“Hi! Get up there!” Ned called to the horses. Once they were on the road, he turned to Jessie. “Your ma’s walkin’ back there with Robert and Miz Hannah. You can call me Ned now.” He watched a pink glow light her cheeks.
“I haven’t seen you for so long,” Jessie said, ducking her head to one side.
“Yup.” Ned moved his foot onto the brake lever. “I’m sorry I let some years get between us.”
Jessie didn’t reply.
“Do you remember that time I brought you a peck of mulberries, and we climbed the tree behind Miller’s barn and ate the whole thing?”
Jessie smiled but said nothing.
“Our hands got all purple, and my belly ached something fierce, but the company was fine.”
Jessie laughed. “As I recall, you threw up all over my skirt, and I had to hide it from Ma and wash it myself.”
Ned grinned. “I don’t remember that.”
“Nah, it couldn’t have. I was always a model citizen around you.”
Jessie gave Ned’s arm a gentle shove as her laughter filled the road. “The purple stain never did come all the way out of my skirt. I had to cover it with an apron until I outgrew it.”
“It does my heart good to hear you laugh, Jessie. I don’t reckon you’ve had much to laugh about the last few years.”
She shook her head. “Ma always tells us life ain’t meant to be fair.”
“But a fine-lookin’ girl like you should have little things that give you pleasure, like fancy trinkets and good memories.” He looked over at Jessie.
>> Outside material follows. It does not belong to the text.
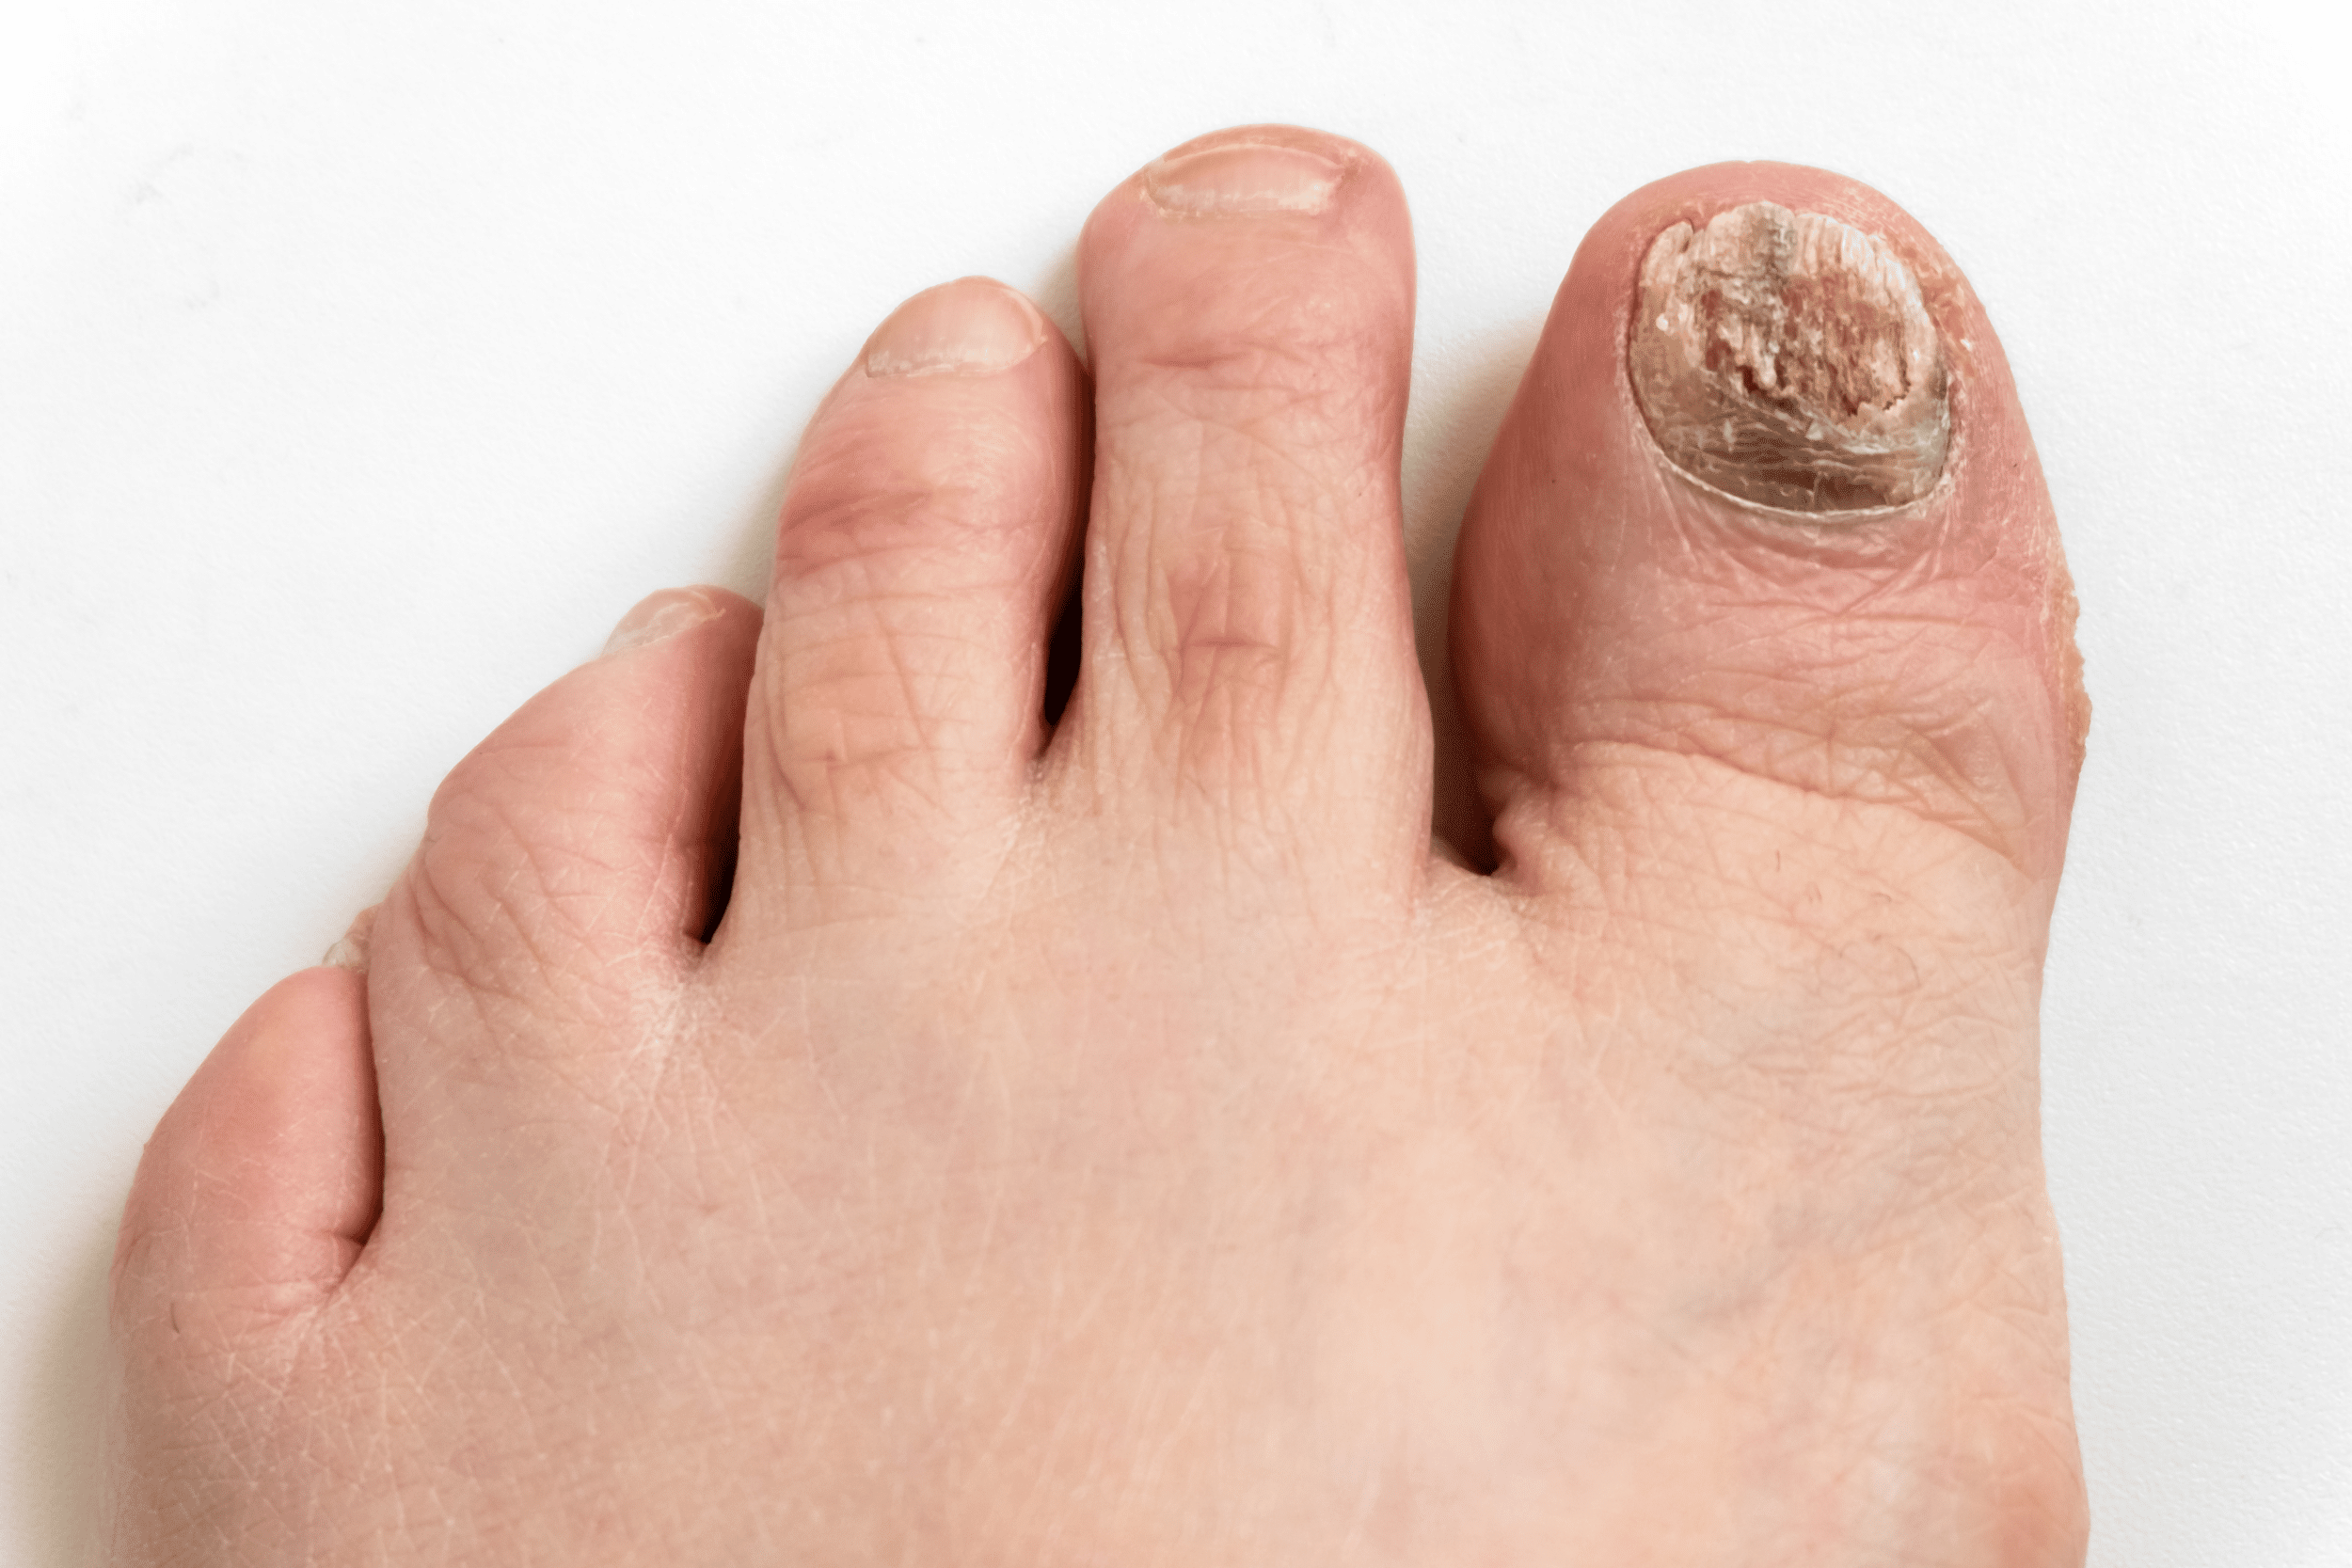 toenail fungus on patient's big toe

She was blushing again. “Memories are precious gifts. I have a store of them I could share.”
Jessie said nothing. After a while, Ned began to whistle a tune, and she turned to him, her face a picture of delight.
“That’s the firefly song. You made it up.”
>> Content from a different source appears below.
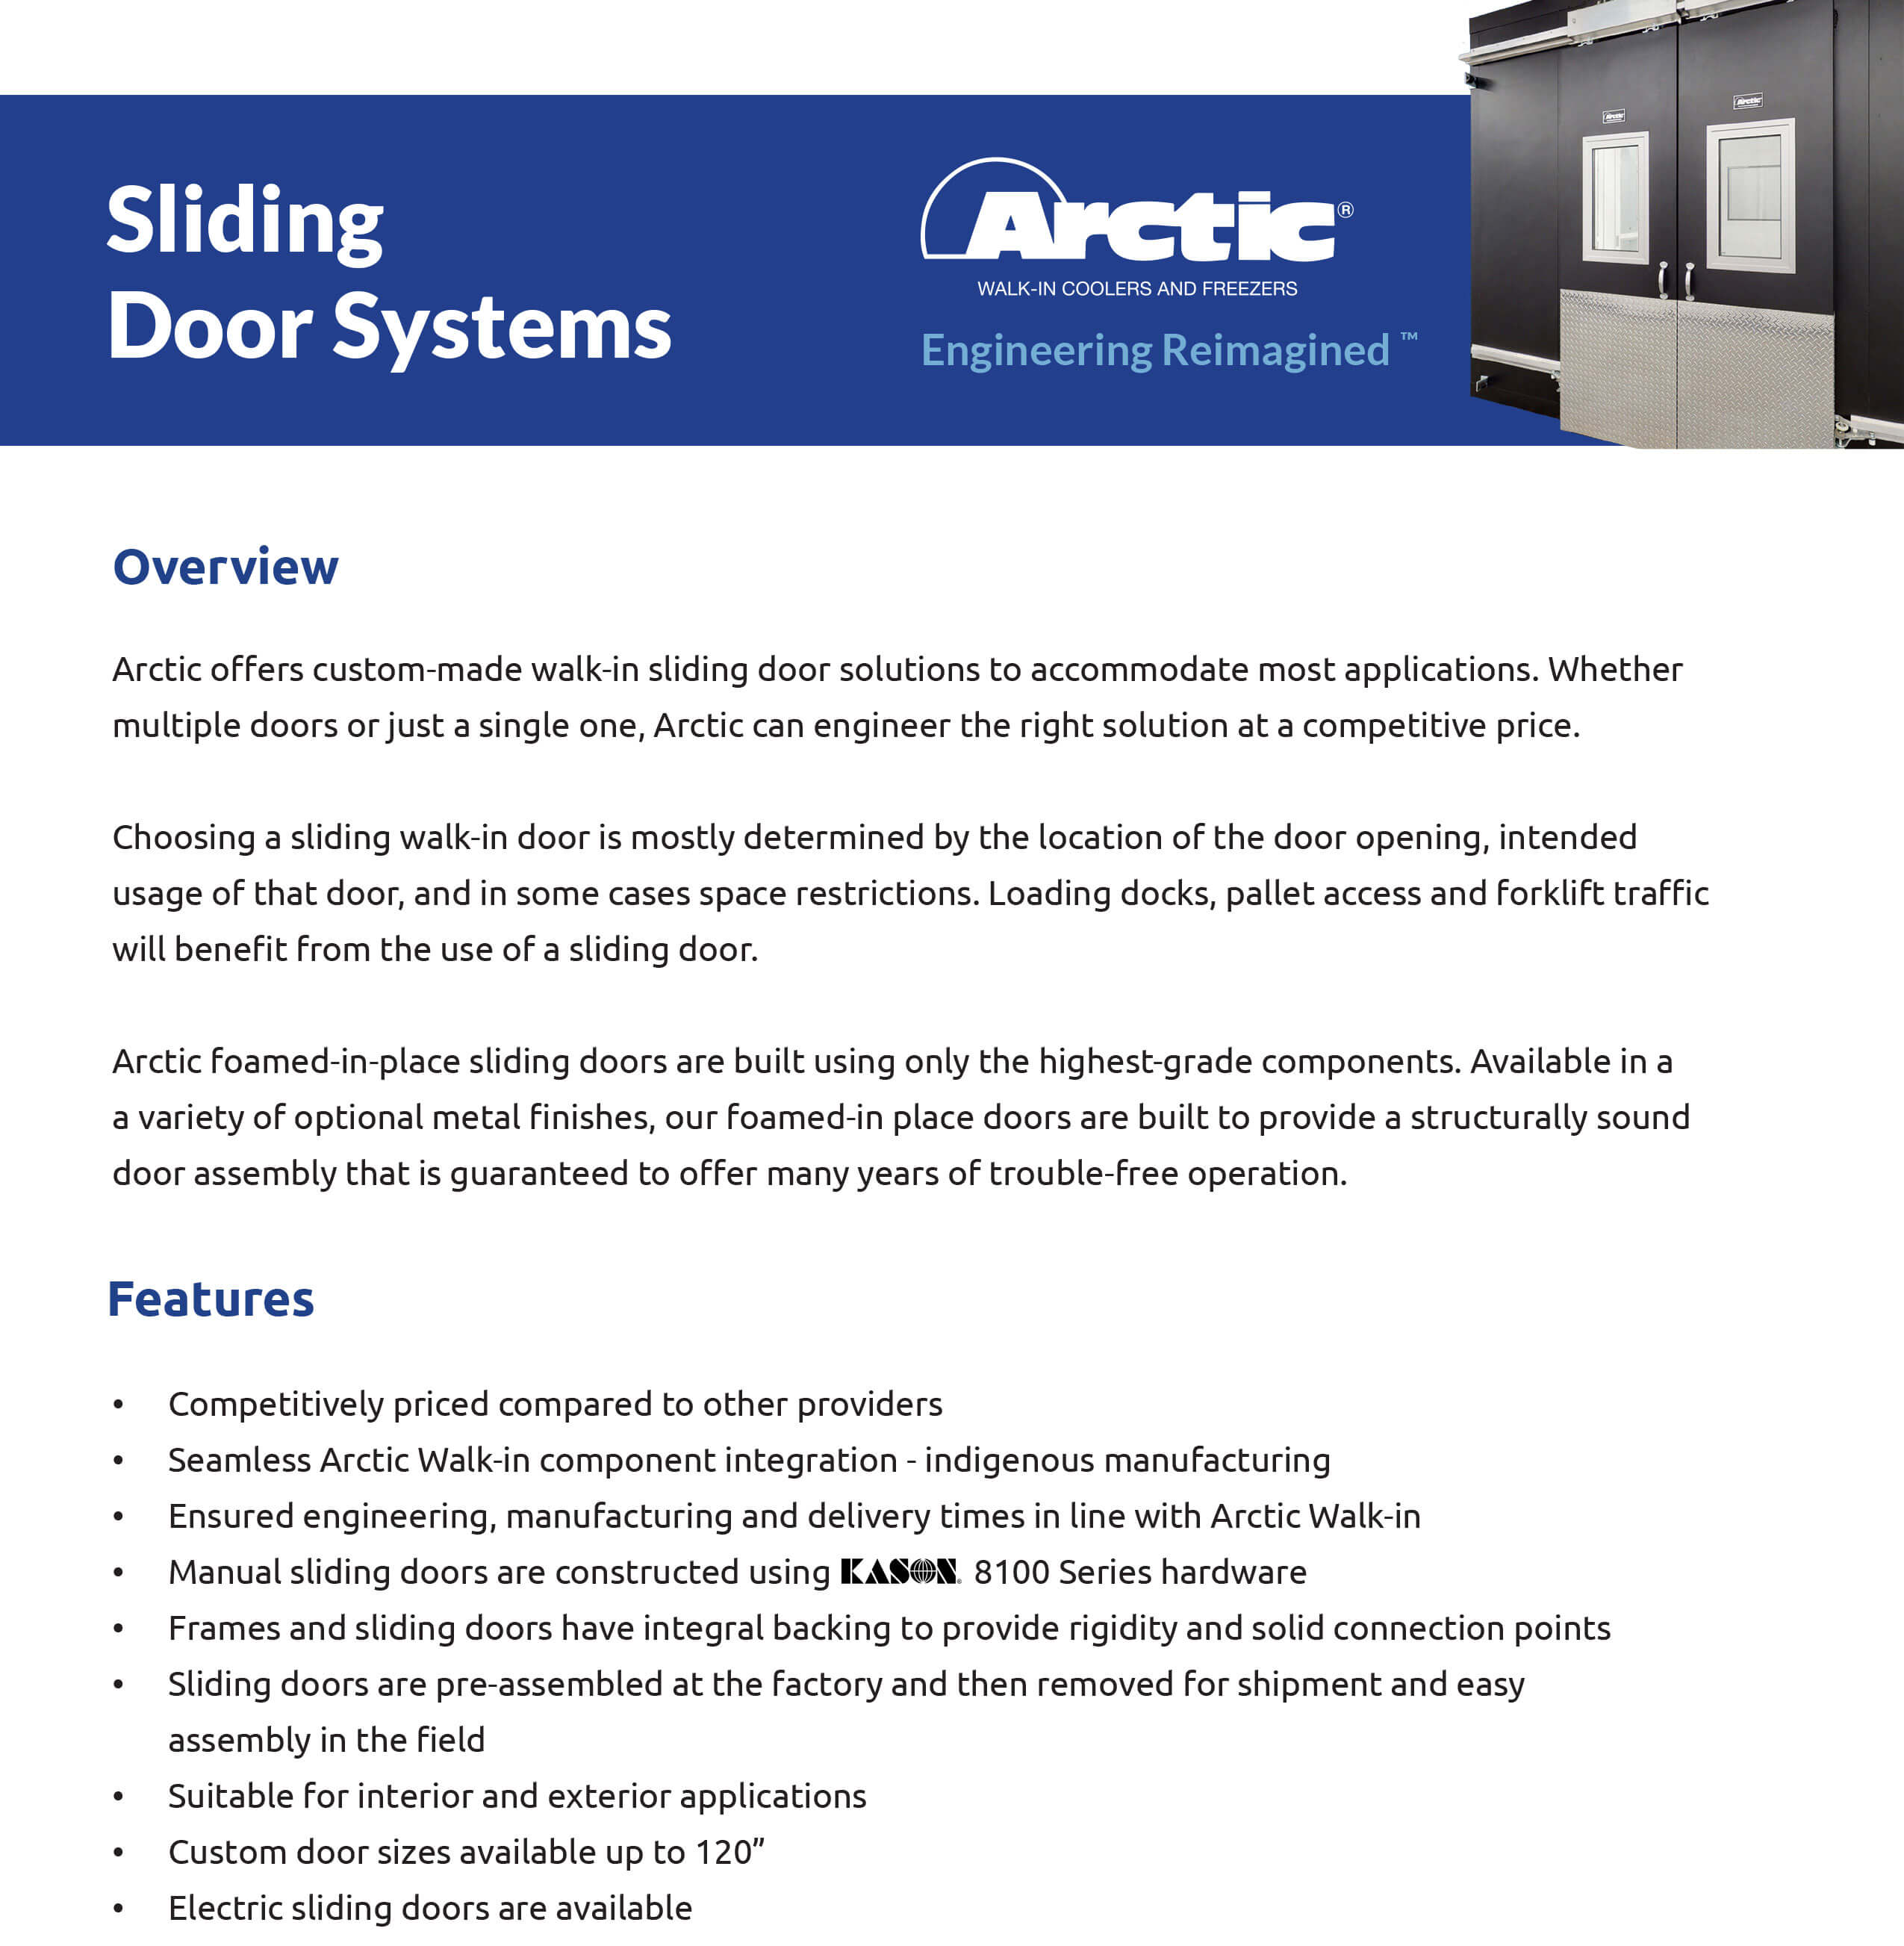 Arctic Sliding Door Systems Image 1

“I made it up for you.” Ned avoided looking at Jessie. He hadn’t told her that, before now, and couldn’t predict how she would react.
“You did?” A low chuckle escaped Jessie’s throat. “I never knew.” She tried out the tune, then laid her hand on his arm. “You never told me. What other secrets are you keeping from me?”
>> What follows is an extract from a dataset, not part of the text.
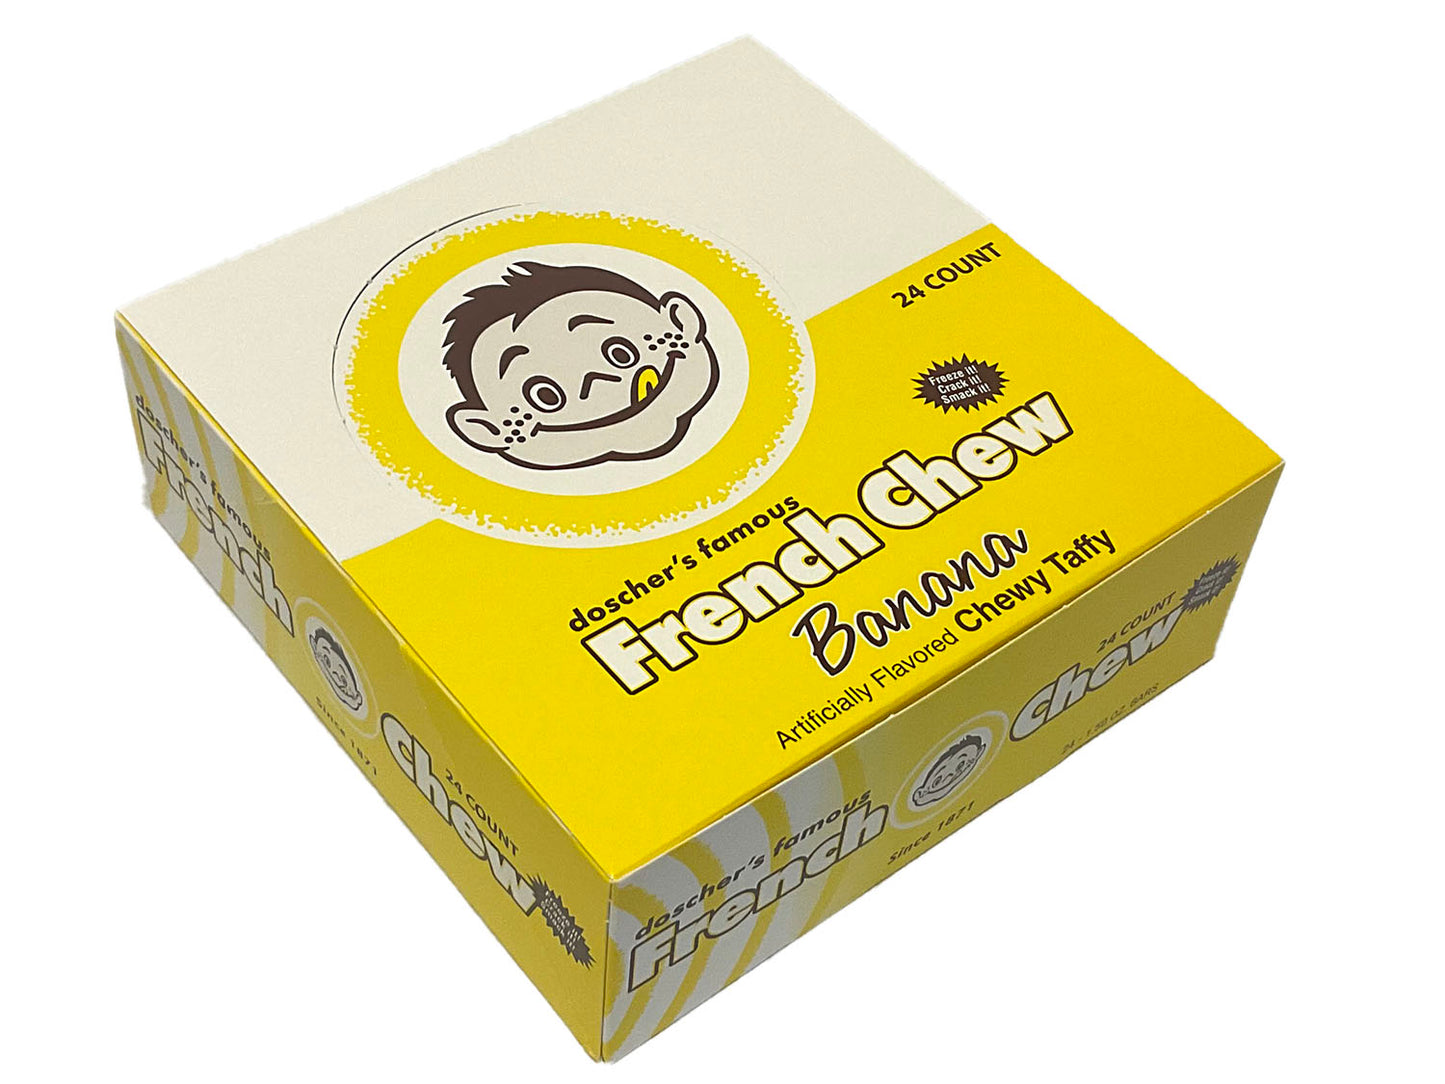 French Chew Taffy - 1.62 oz bar - banana - box of 24

“Oh, lots and lots.” Ned grinned, relieved. “Like the time I shut the Owen boys in the Bates’s cellar for teasing you. Remember, I took you and Ellen Bates and Marie Owen into town on the buckboard to get candy at the store? That’s so you wouldn’t hear them rascals fussin’ to be let out.”
Jessie snatched her hand from Ned’s arm. He looked at her. She had turned her face away again.
“Did I say something wrong?”
“Nah, no,” she said, stumbling on the word.
“Are you in pain?” he asked. “This road ain’t too smooth.”
“Um, I’m a little tired,” she said.
“I don’t wonder,” he said. “That shotgun sent you flyin’. Fear is mighty fatiguin’, as well.”
Jessie said nothing in return, and Ned lapsed into silence.
Jessie hadn’t thought about James Owen for more than a week, but Ned’s remembrance of secrets he’d kept had reopened the wound that never quite seemed to heal. Precious mercy! Will I never stop thinking about him! A cold chill ran through her body, and she shivered, fighting tears that she wouldn’t be able to explain away.
Ned Heizer. Big-brother substitute Ned. Protector and friend while her own big brother, Max, played beau to the girls. Ned was acting like he wanted to court her.
That can’t be. Ned is my friend. How can he possibly want more than that?